_Information shown_
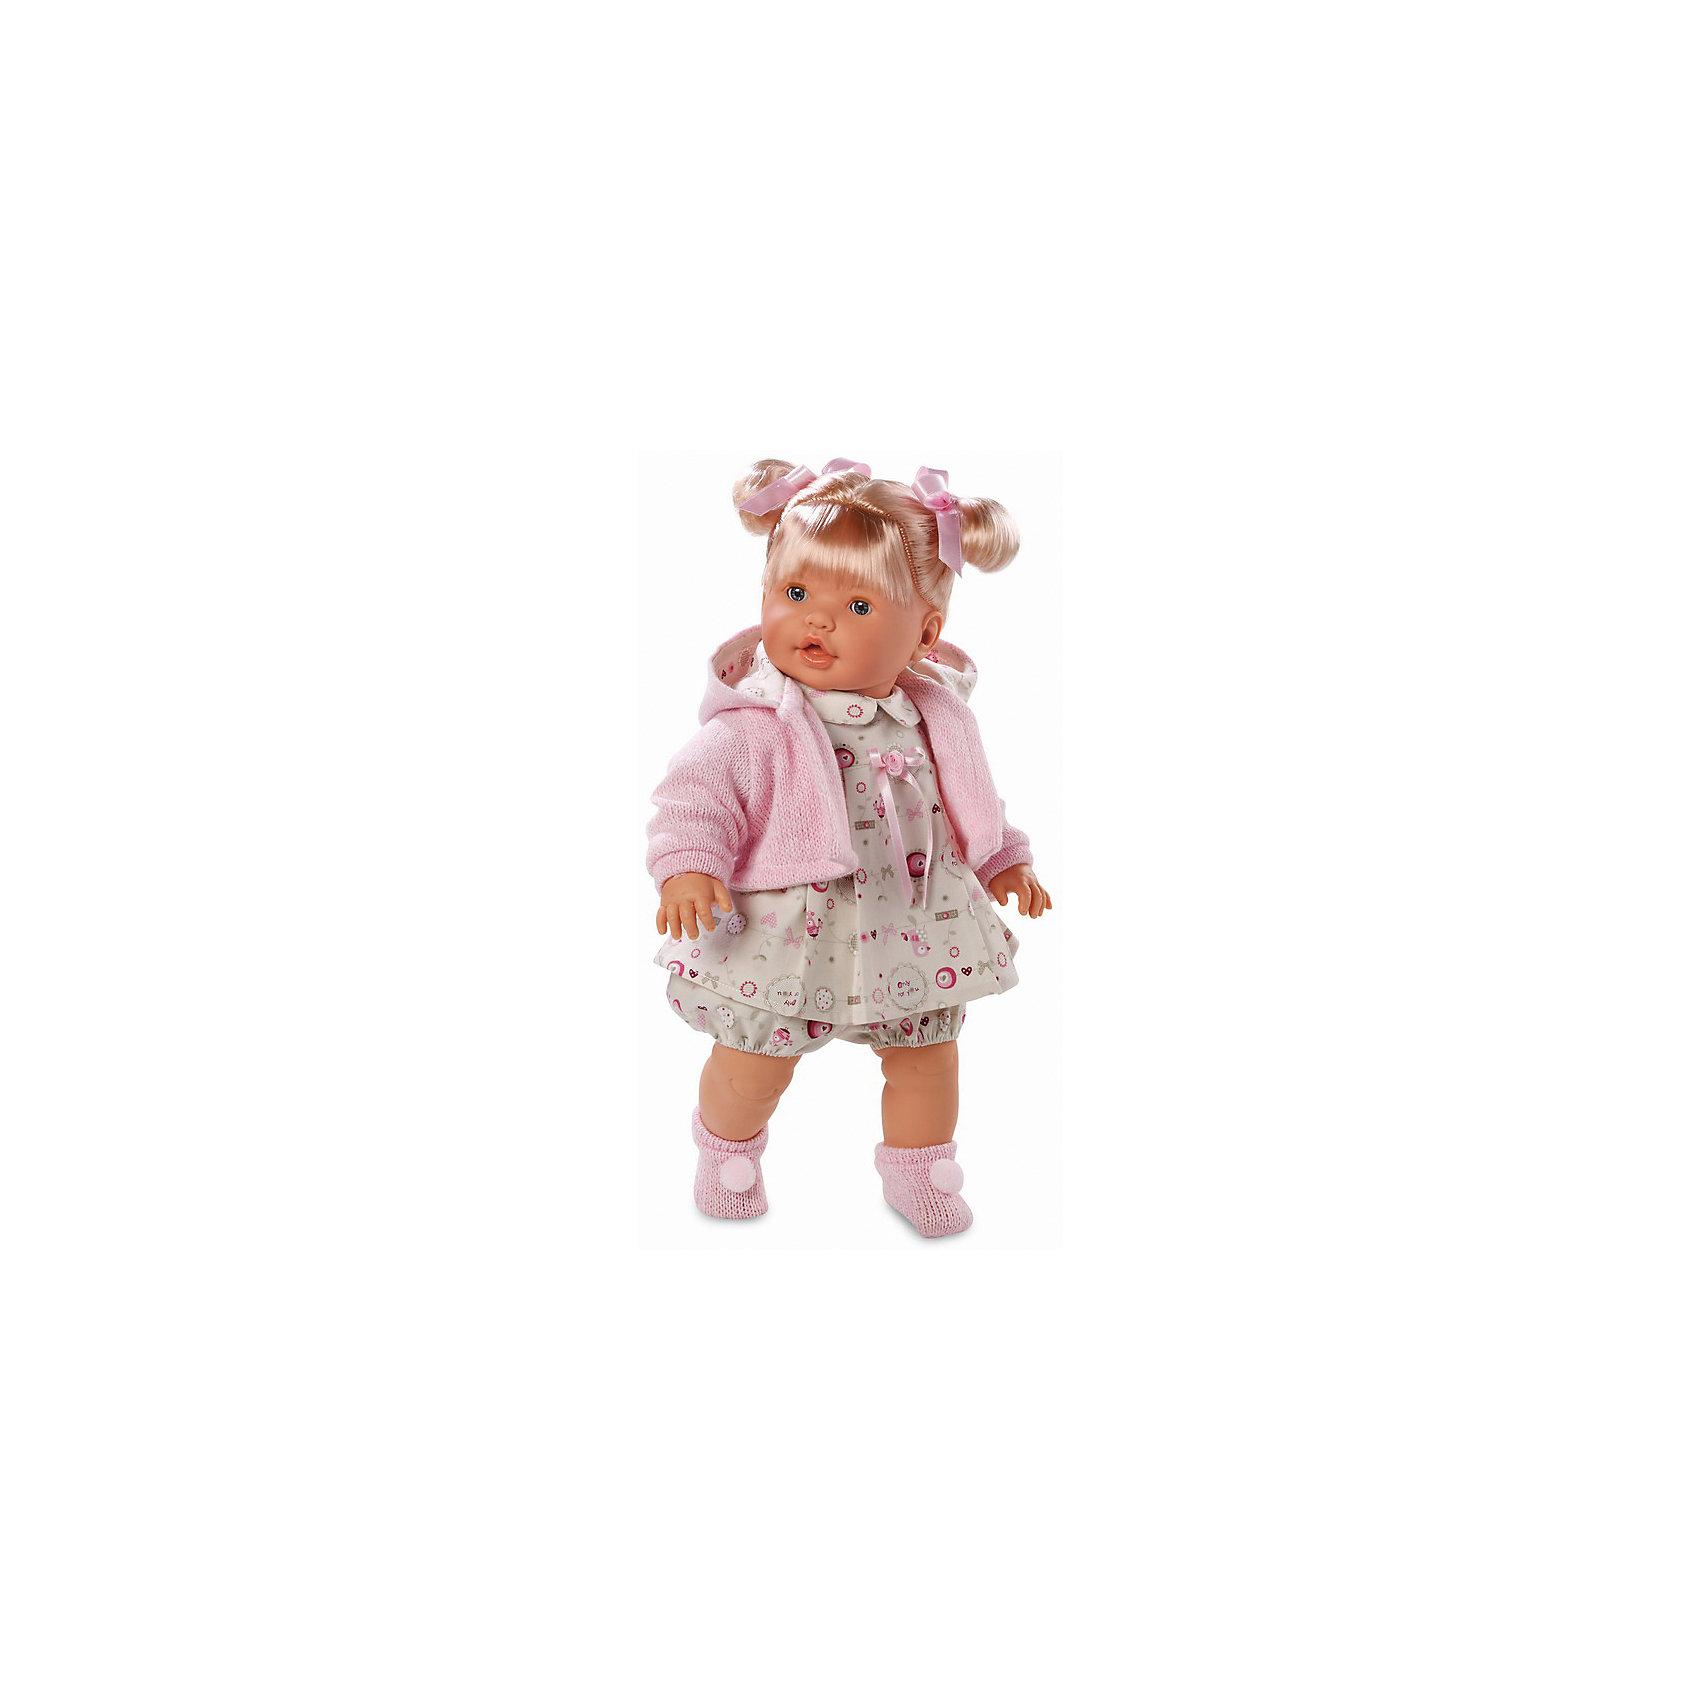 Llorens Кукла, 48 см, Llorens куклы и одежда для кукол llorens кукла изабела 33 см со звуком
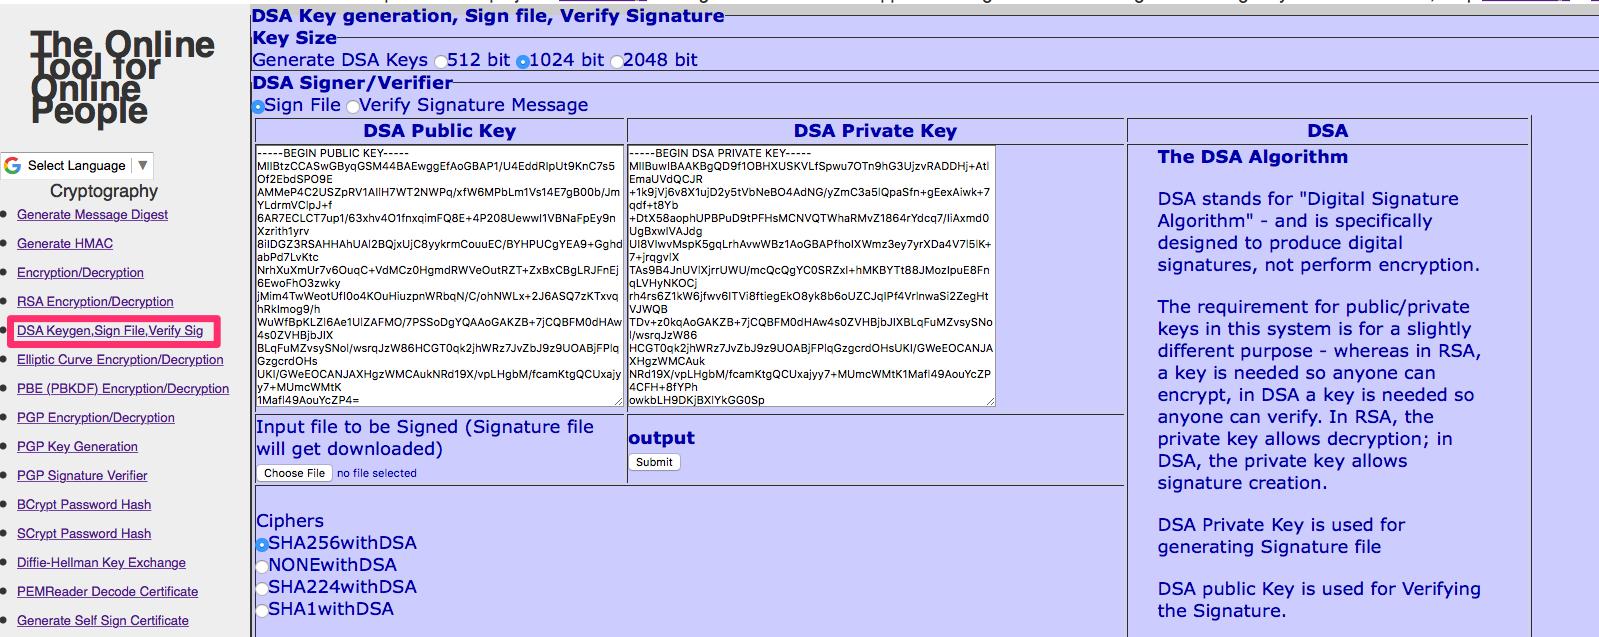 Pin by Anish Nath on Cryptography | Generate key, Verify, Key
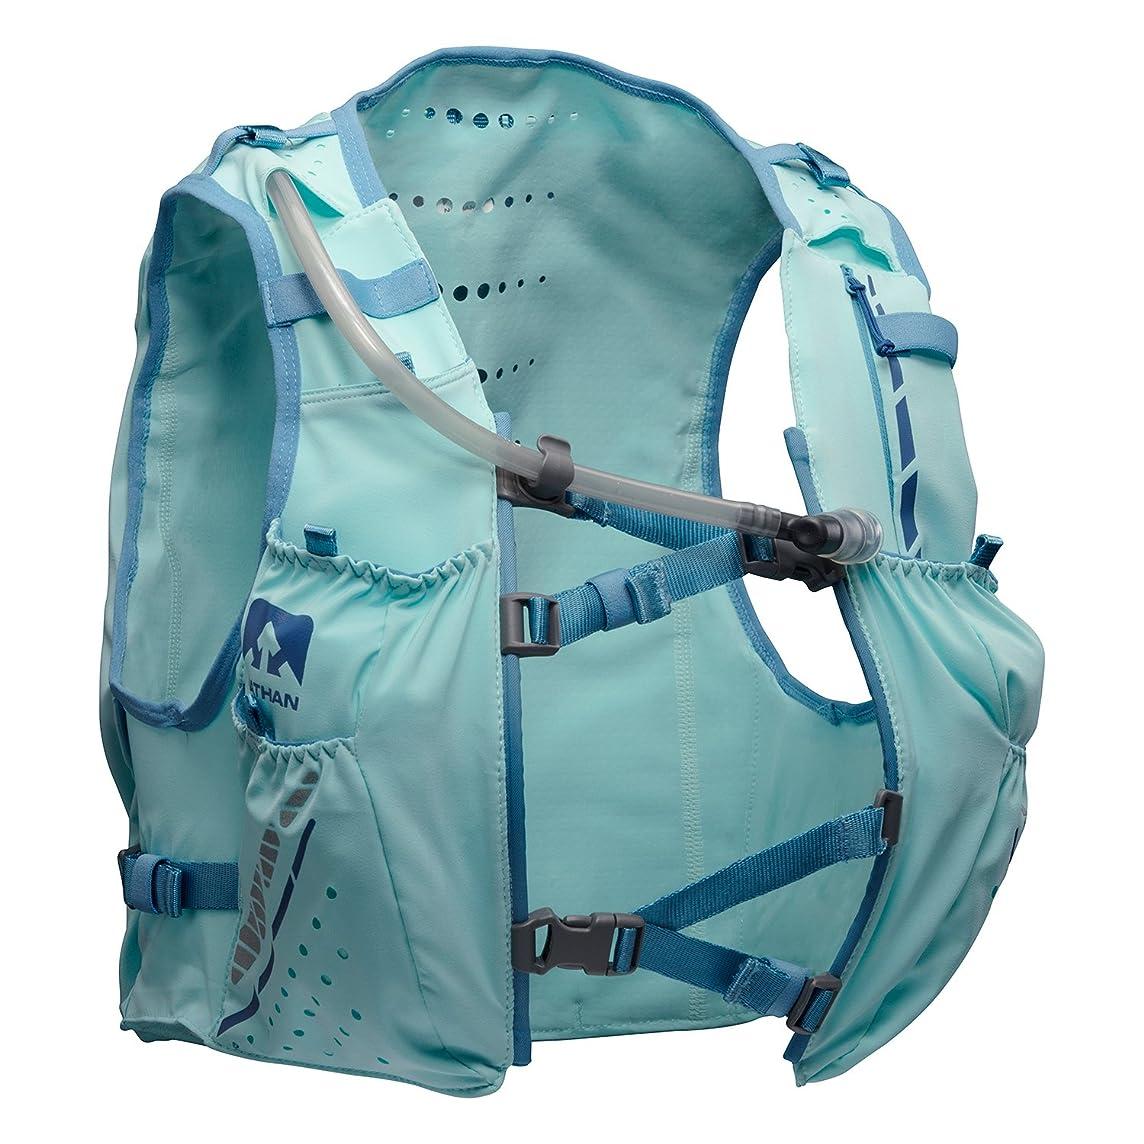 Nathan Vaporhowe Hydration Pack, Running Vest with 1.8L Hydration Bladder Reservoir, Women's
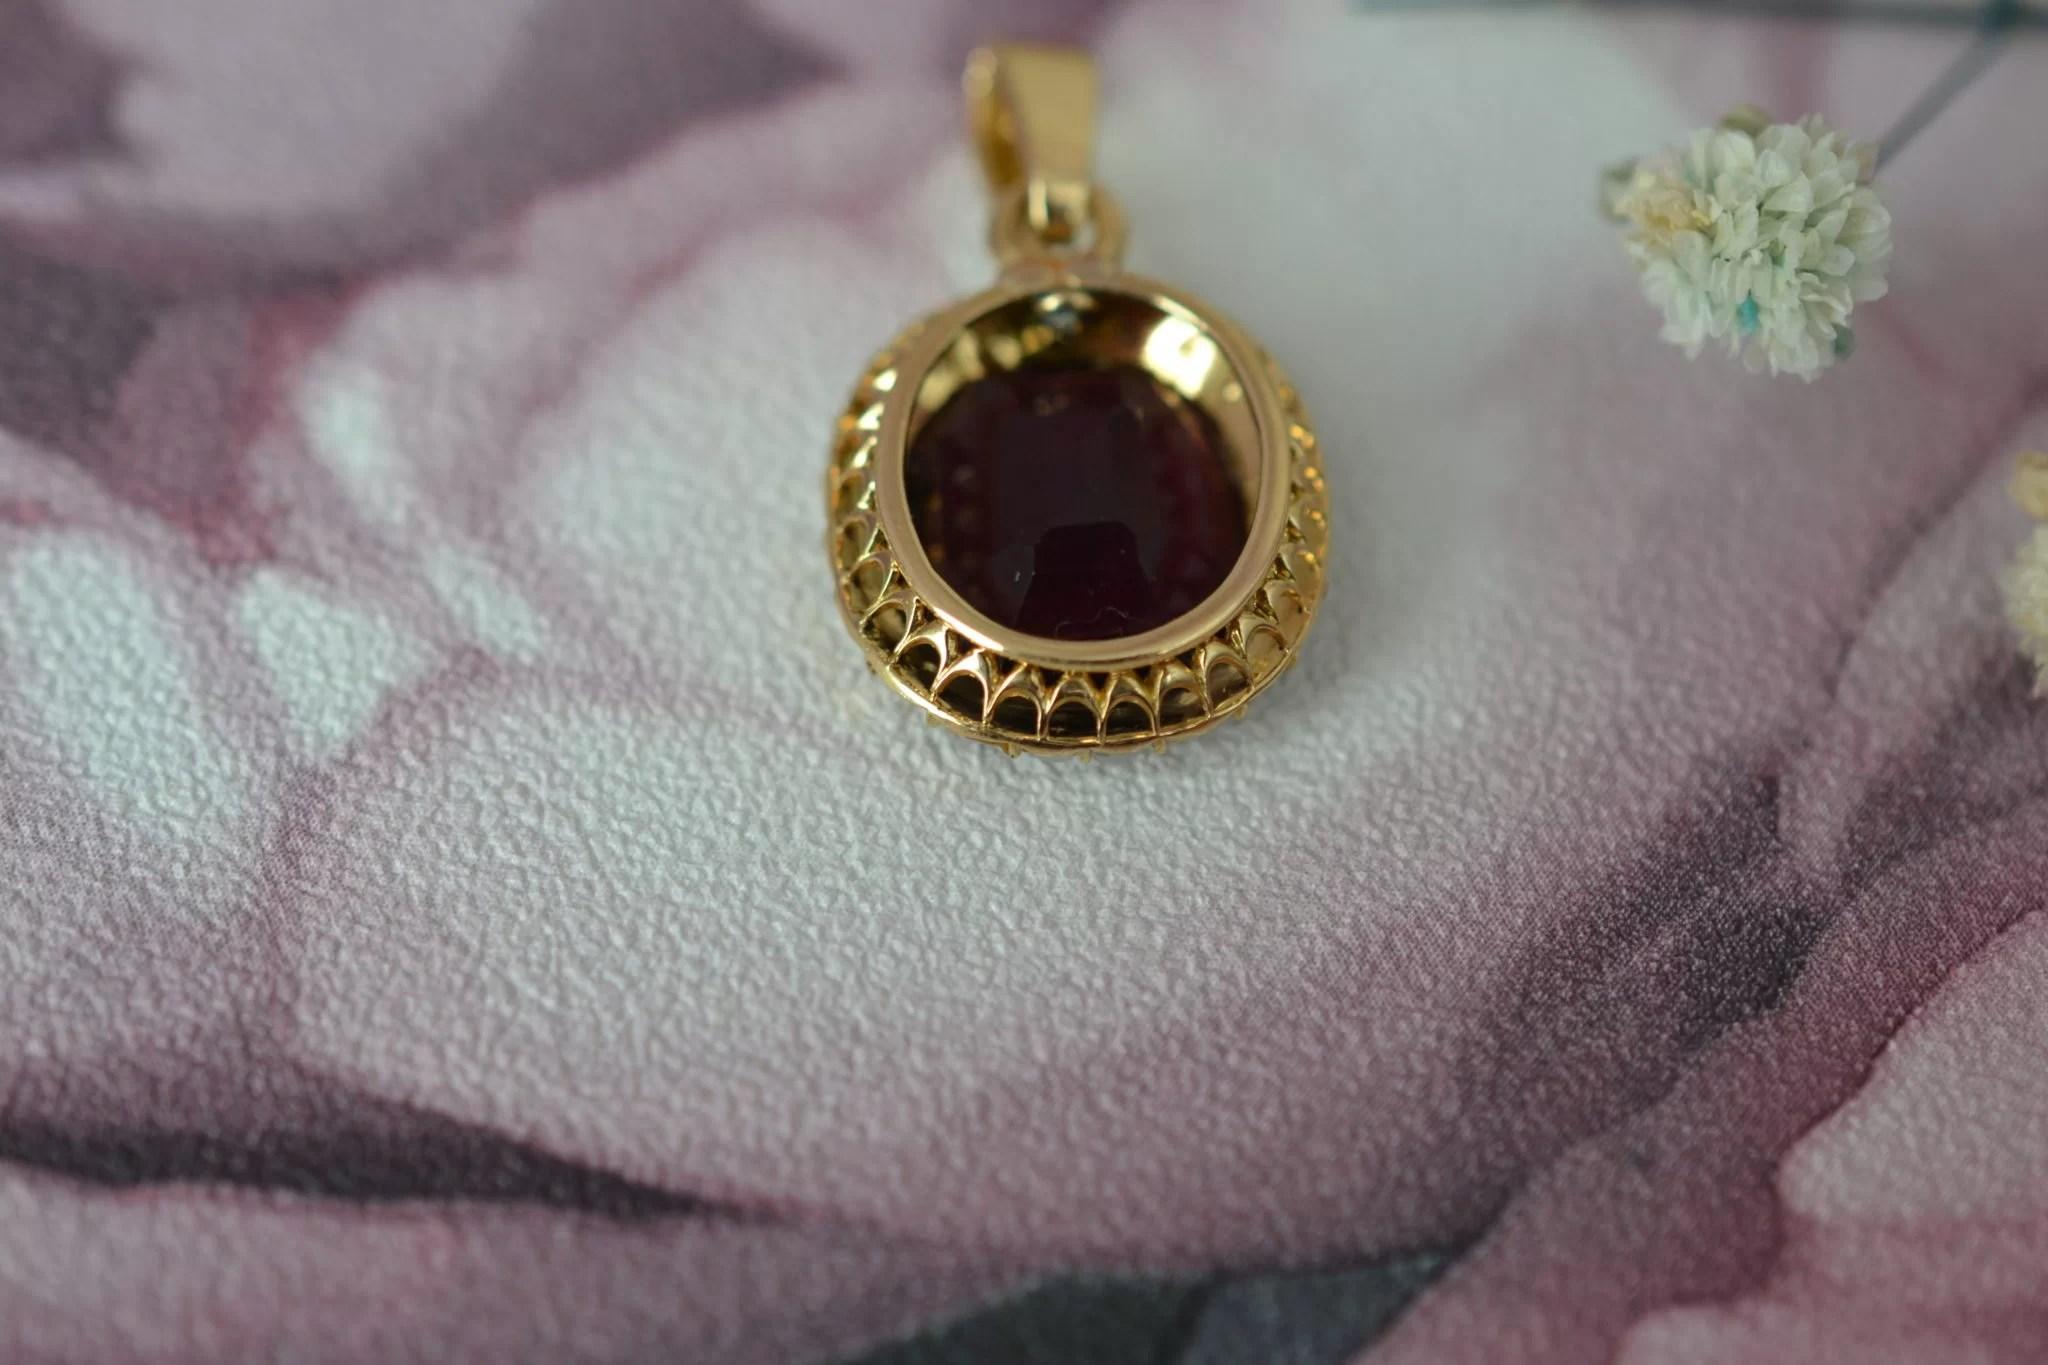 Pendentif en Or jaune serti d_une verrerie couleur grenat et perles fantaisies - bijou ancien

_Prompt_
Retype the data word for word and keep the pictures out of it.

_Response below_
 Llorens Кукла, 48 см, Llorens куклы и одежда для кукол llorens кукла изабела 33 см со звуком
 Pin by Anish Nath on Cryptography | Generate key, Verify, Key
 Nathan Vaporhowe Hydration Pack, Running Vest with 1.8L Hydration Bladder Reservoir, Women's
 Pendentif en Or jaune serti d_une verrerie couleur grenat et perles fantaisies - bijou ancien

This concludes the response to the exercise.